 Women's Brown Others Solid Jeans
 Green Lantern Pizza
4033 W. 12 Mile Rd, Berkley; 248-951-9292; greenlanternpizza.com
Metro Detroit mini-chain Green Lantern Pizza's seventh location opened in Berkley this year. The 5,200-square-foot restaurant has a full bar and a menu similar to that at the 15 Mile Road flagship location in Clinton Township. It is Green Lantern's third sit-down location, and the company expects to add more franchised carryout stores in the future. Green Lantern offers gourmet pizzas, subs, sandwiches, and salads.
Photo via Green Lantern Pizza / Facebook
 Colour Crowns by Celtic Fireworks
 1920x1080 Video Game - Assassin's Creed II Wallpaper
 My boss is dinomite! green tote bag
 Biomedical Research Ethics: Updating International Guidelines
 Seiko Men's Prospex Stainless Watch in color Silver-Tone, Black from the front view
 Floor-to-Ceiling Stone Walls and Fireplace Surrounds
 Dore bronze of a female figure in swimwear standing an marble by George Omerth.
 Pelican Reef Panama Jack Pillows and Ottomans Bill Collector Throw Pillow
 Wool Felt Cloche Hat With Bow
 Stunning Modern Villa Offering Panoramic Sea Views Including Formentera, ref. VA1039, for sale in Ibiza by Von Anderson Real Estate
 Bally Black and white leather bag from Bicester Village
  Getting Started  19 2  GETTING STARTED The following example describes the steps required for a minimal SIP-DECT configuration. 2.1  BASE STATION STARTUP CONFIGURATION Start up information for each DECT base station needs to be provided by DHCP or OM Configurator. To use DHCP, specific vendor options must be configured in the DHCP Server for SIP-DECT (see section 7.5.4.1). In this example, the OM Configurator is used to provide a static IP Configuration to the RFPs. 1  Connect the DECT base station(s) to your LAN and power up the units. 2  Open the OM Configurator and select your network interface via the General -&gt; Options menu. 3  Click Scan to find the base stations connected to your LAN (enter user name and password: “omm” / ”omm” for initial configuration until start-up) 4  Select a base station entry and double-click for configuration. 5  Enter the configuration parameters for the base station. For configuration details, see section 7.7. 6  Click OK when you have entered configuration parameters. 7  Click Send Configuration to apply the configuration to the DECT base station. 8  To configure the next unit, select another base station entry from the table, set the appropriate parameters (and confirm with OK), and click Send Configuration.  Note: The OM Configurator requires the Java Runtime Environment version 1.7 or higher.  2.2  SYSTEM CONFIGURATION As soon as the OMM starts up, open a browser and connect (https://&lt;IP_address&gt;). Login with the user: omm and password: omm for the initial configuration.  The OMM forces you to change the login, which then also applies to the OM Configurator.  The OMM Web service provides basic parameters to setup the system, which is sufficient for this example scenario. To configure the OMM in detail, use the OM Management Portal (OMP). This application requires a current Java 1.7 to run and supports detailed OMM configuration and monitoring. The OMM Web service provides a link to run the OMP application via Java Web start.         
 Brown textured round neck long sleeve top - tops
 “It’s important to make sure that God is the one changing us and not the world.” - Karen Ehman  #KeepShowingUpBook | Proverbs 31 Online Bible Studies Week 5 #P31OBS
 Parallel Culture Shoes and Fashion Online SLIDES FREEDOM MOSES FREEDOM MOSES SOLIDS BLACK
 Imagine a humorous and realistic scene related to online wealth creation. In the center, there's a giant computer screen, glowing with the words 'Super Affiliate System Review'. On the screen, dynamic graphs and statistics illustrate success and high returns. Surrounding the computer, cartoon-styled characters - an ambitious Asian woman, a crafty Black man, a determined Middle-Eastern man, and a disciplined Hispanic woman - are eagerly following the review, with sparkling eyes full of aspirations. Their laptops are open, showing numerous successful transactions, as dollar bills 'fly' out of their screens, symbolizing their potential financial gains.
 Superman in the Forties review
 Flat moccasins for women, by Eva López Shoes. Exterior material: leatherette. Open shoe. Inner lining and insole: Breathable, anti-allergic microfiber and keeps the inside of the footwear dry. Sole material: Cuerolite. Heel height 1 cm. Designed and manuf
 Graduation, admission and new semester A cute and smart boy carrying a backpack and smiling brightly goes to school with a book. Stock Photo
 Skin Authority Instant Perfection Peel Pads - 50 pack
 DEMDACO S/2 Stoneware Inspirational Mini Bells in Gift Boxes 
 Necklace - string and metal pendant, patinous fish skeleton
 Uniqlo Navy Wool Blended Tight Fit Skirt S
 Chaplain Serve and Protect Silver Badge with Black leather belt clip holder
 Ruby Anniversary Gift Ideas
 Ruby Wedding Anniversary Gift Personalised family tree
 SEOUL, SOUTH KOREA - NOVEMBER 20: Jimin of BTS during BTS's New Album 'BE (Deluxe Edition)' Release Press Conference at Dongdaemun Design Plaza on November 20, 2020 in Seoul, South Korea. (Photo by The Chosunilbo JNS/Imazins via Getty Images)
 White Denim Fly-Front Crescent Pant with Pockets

REQUIRED WORK: Using the entries above, repeat only the lines from the one containing "Colour Crowns by Celtic Fireworks" through the one containing "Bally Black and", end lines included.

ANSWER SECTION:
 Colour Crowns by Celtic Fireworks
 1920x1080 Video Game - Assassin's Creed II Wallpaper
 My boss is dinomite! green tote bag
 Biomedical Research Ethics: Updating International Guidelines
 Seiko Men's Prospex Stainless Watch in color Silver-Tone, Black from the front view
 Floor-to-Ceiling Stone Walls and Fireplace Surrounds
 Dore bronze of a female figure in swimwear standing an marble by George Omerth.
 Pelican Reef Panama Jack Pillows and Ottomans Bill Collector Throw Pillow
 Wool Felt Cloche Hat With Bow
 Stunning Modern Villa Offering Panoramic Sea Views Including Formentera, ref. VA1039, for sale in Ibiza by Von Anderson Real Estate
 Bally Black and white leather bag from Bicester Village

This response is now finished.